I have read the answers for both of these questions -Finding a point along a line a certain distance from another point and Find a point along line on Earth and I am trying to convert the transformations given in this question that I asked here - Trigonometric formula derivation into their spherical trigonometric versions. All longitudes and latitudes have been defined with respect to the WGS84 datum

$P(\lambda^,\phi^)$ lies on a geodesic curve from $O(\lambda_0,\phi_0)$ and I want the coordinates of $R(\lambda,\phi)$ which presumably lies along the geodesic distance between P and O. So O is what is called the nadir point of the satellite on the earth's surface. P is the coordinates of a ray at a slant angle $\theta$ from the location of the satellite above the earth's surface.
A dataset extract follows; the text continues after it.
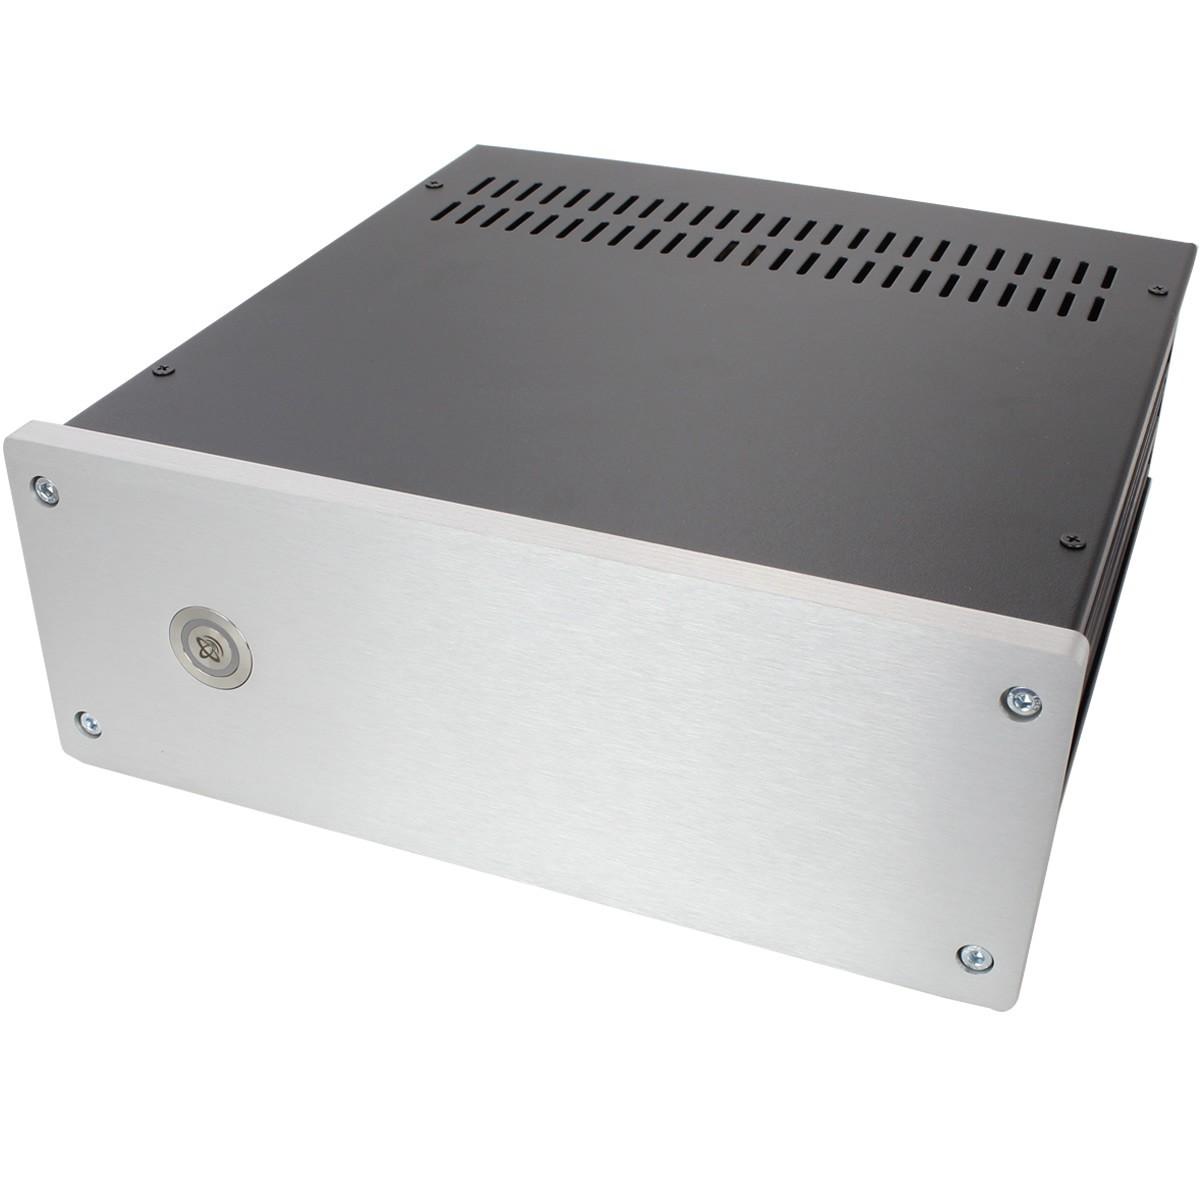 AUDIOPHONICS TRIPATH TA2022 DIY Stereo Amplifier Kit Silver 60W 8Ohm
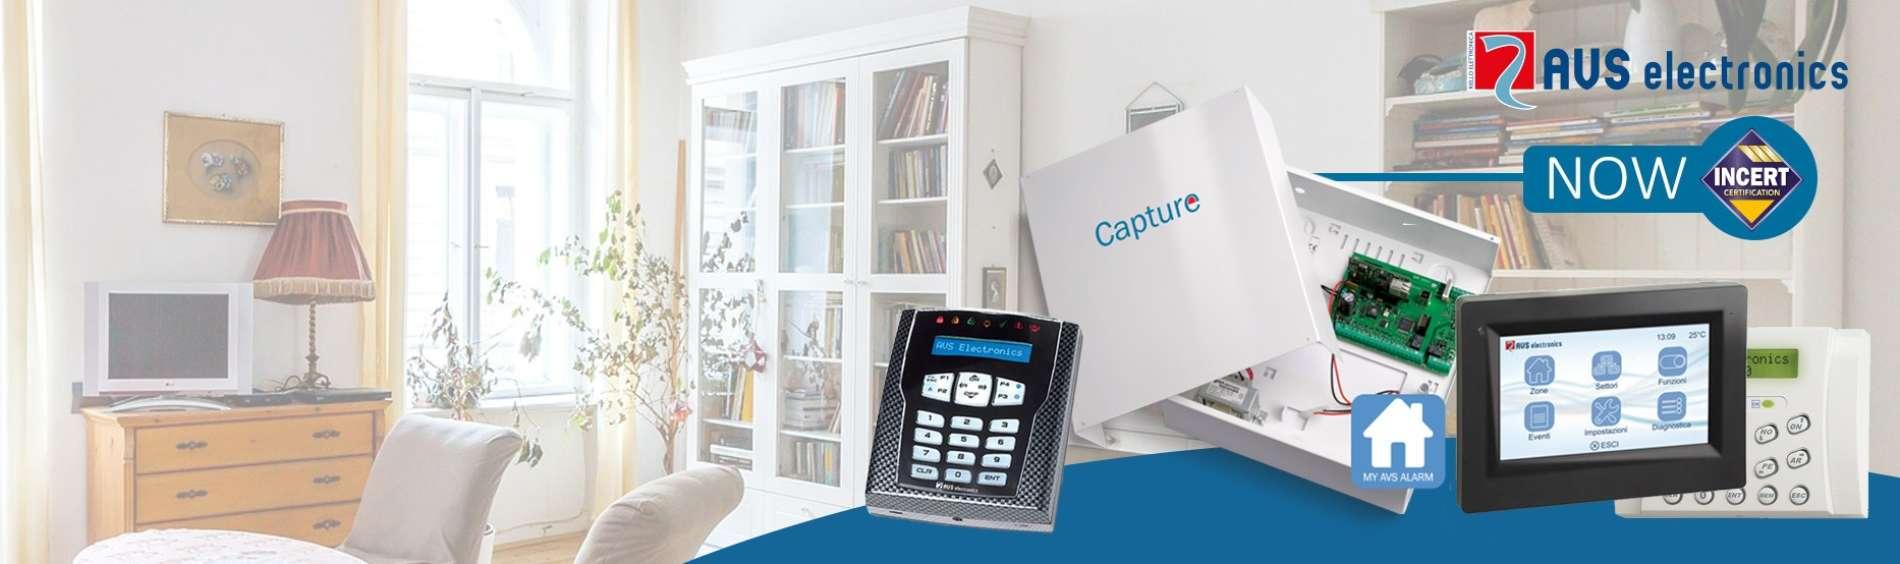 CAPTURE - AVS Electronics

I have also been the height and from that I am presuming the arc length PR can be deduced by the following equation $$h * tan(\theta)$$ and this arc lies along the geodesic OP.

I am wanting to find out the coordinates of $R(\lambda,\phi)$ where R is the coordinates of the actual cloud top position but I have been given the coordinates of P which is the apparent cloud top position. Hence a parallax correction needs to be applied. I believe the Matlab/Octave function reckon does what I want but I want to do this in my own programming language and hence I cannot use that API call. I would like to do this from first principles.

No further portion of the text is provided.